# Adding more eco-complete to existing tank



## rjfurbank (Jan 21, 2008)

Hello everyone,

Couldn't find a clear answer to this in the existing threads.

I want to add more eco-complete to my 90g tank. One side of the tank is quite lean and only has 0.5-1" depth in places. I want to add another 1-2 bags. Is there anything I should be concerned about?

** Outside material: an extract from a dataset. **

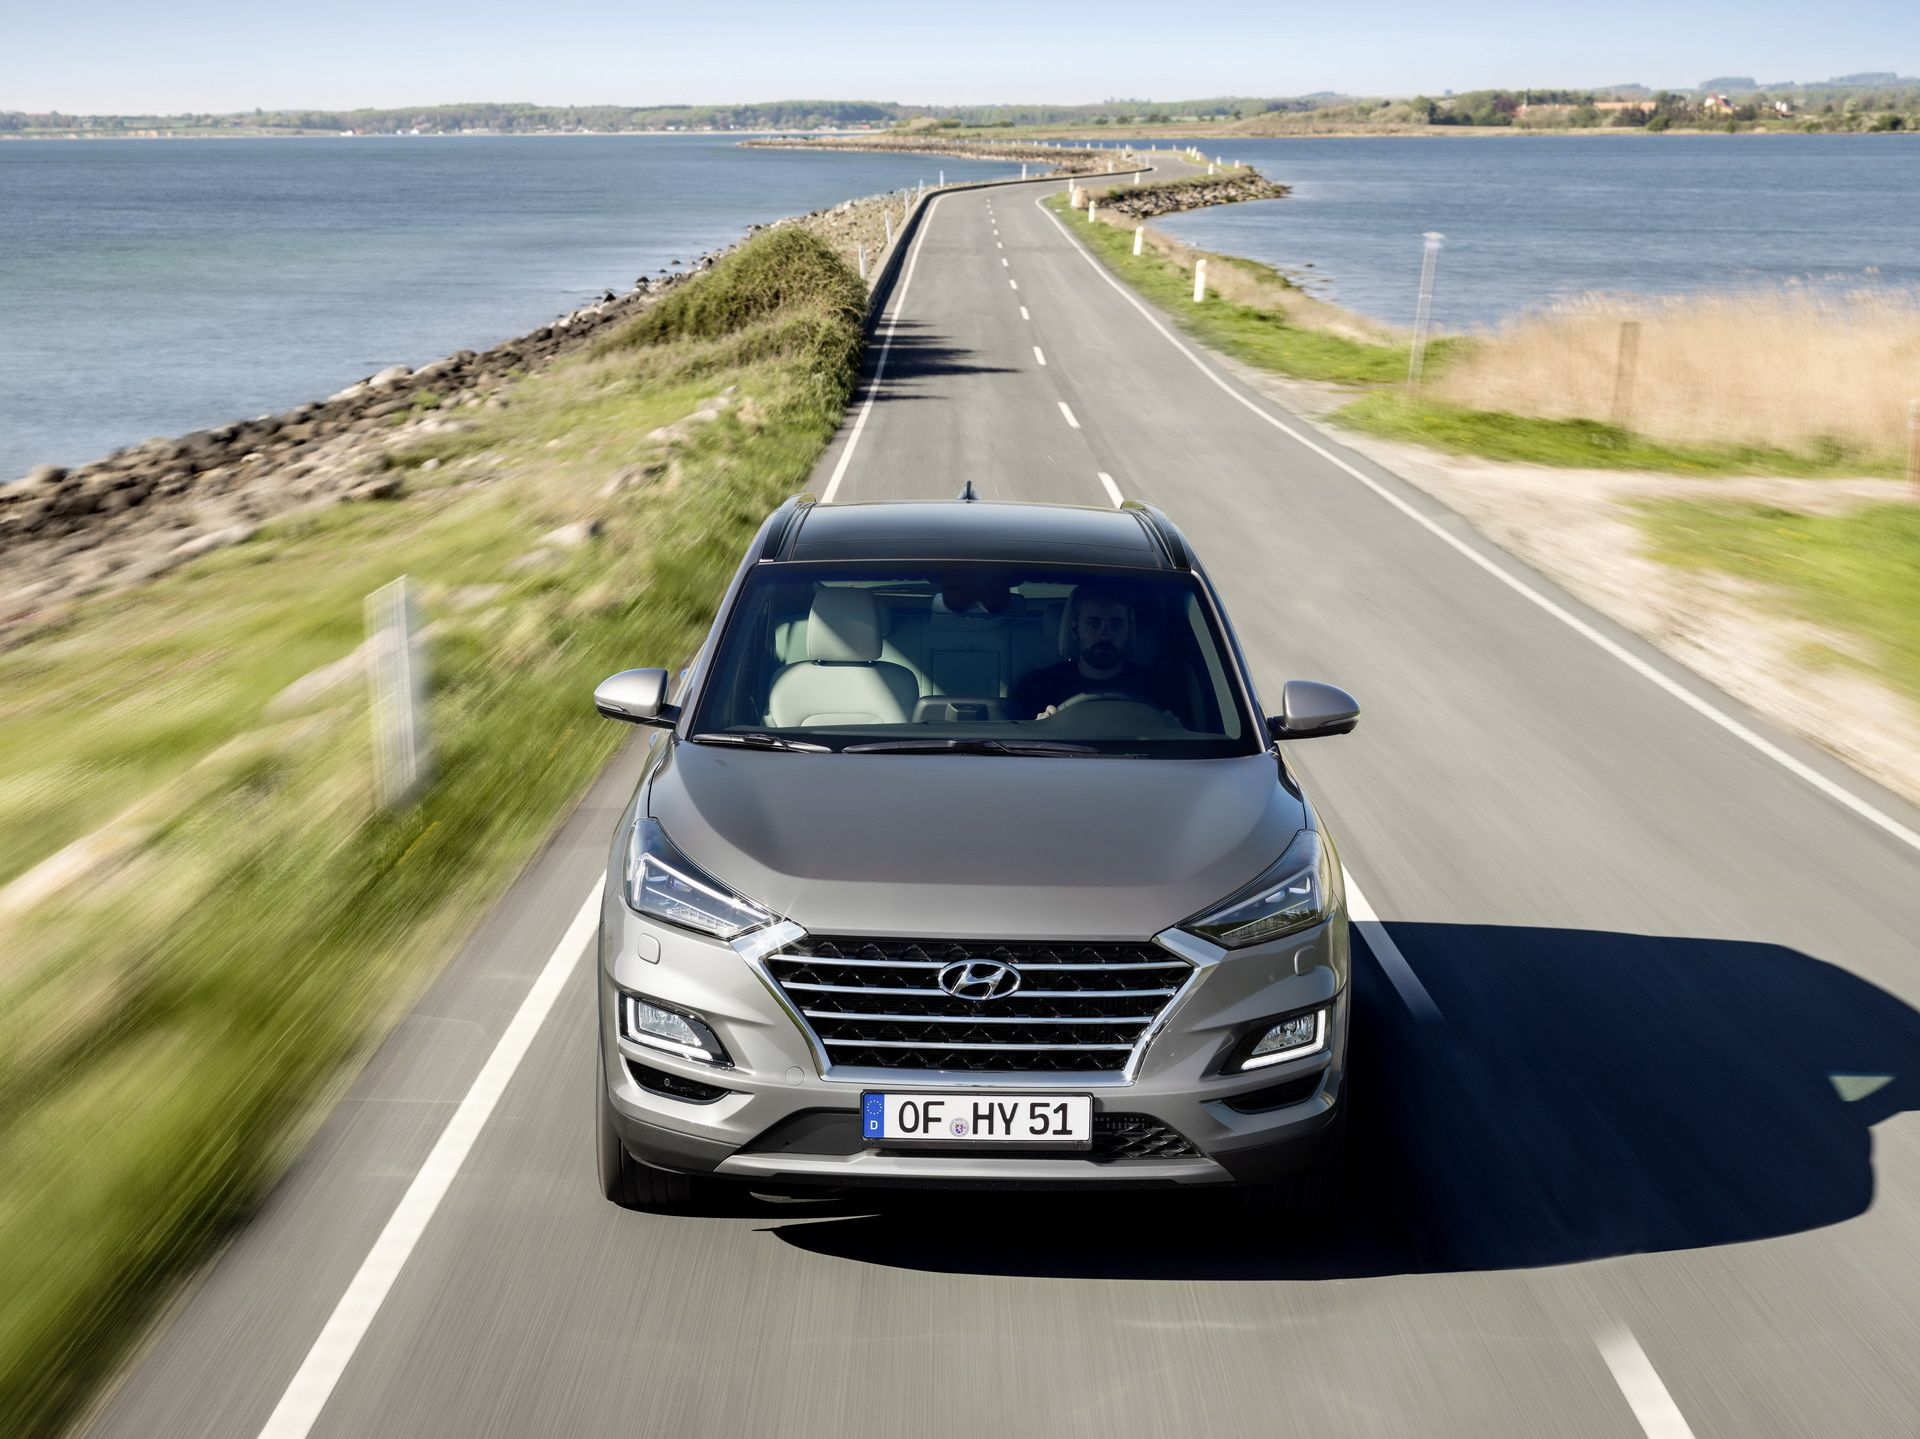 Hyundai-Tucson-2019-xe-sach-va-tiet-kiem-nho-Hybrid-diesel-anh-2

I was hoping to not have to remove the plants. Definitely going to be messy. . .

Thanks,

-Roy


----------



## ngb2322 (Apr 9, 2008)

Messy = fun


----------



## cs_gardener (Apr 28, 2006)

I've added drained eco complete to an established tank several times without any real problems. I drained it 'cause the liquid was just too much to hassle with when I was originally storing it, but I don't think it would matter for adding it to the tank. To avoid getting the small bits of EC dusting everything in the tank I used a container to scoop some EC up, lowered it into the water upright, then tilted the container and emptied the EC where I wanted it - SLOWLY. Go too fast and you get a cloud of EC that spreads across the tank (voice of experience speaking here). I used a large cottage cheese container that I'd cleaned and rinsed well, you might want to use something larger since you'll be adding more. A little patience and care will help keep the mess and the amount of dusting off of the plants to a minimum.


----------



## Brilliant (Jun 25, 2006)

Despite what the bag says Eco will raise KH and pH. I would take it easy adding half a bag or less and monitor parameters. In fact thats exactly what I did when I added it to my 90g discus tank.


----------



## rjfurbank (Jan 21, 2008)

Thanks everyone--I will take into consideration. Glad to hear others have done this w/out too much hassle.

I will update after adding--shooting for next weekend. I doubt I will have the restraint to add only a small portion. We'll see. . .


----------



## sai_dee (Mar 20, 2008)

I just pour it on, if the plants aren't short, they'll be fine. They just have eco complete all over them but it isn't a problem since they'll eventually fall off from fish or filter or whatever.


----------